M15 delves into the history of spying in new London exhibition
LONDON, April 2 (Reuters) - Britain's spy agency MI5 is revealing some secrets.
In collaboration with host The National Archives and prepared over several years by the agency's own archivists, "MI5: Official Secrets" is giving the public the chance to see equipment and methods used by the real life James Bond and his colleagues over the agency's 115-year history.
Ken McCallum, director general of MI5, said the agency wanted to be more transparent.
While TV fiction showed the dramatic side to spying, real intelligence work was about "ordinary human beings together doing extraordinary things", he said at an event on Tuesday launching the exhibition.

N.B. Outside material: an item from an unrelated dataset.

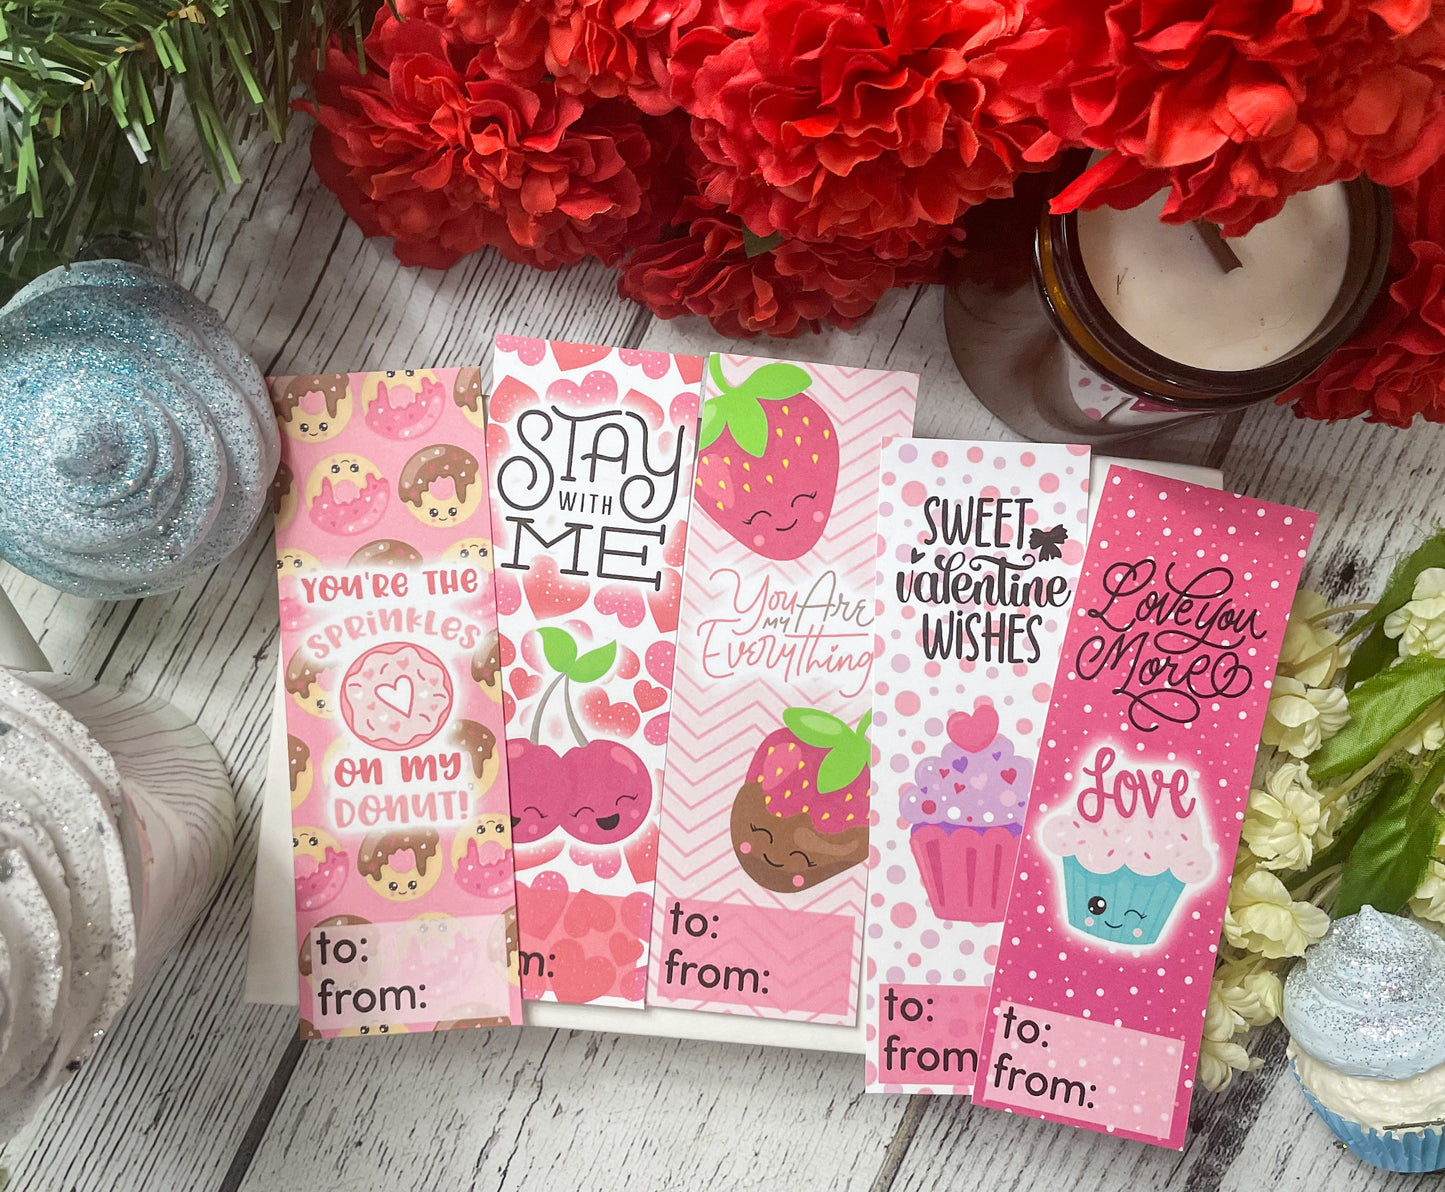 Cutie Food Valentine Cards | Valentine Bookmarks

One of the featured items is a 110-year-old lemon, used as evidence against German spy Karl Muller, who was executed in 1915 at the Tower of London. Muller used lemon juice to write secret messages during World War One.
The display also includes confessions and surveillance reports relating to Britain's most notorious double agents, who spied for the Soviet Union between the 1930s and 1950s and were known as the "Cambridge Five".
"The reality of our work is often different from fiction - whether that fiction is George Smiley or Jackson Lamb," said McCallum.
Author John le Carré's George Smiley works for overseas intelligence agency MI6, dubbed "The Circus" by le Carré, while grumpy Jackson Lamb appears in TV show "Slow Horses," depicting a team of failed agents.
The exhibition opens on Saturday at The National Archives in southwest London and runs to September.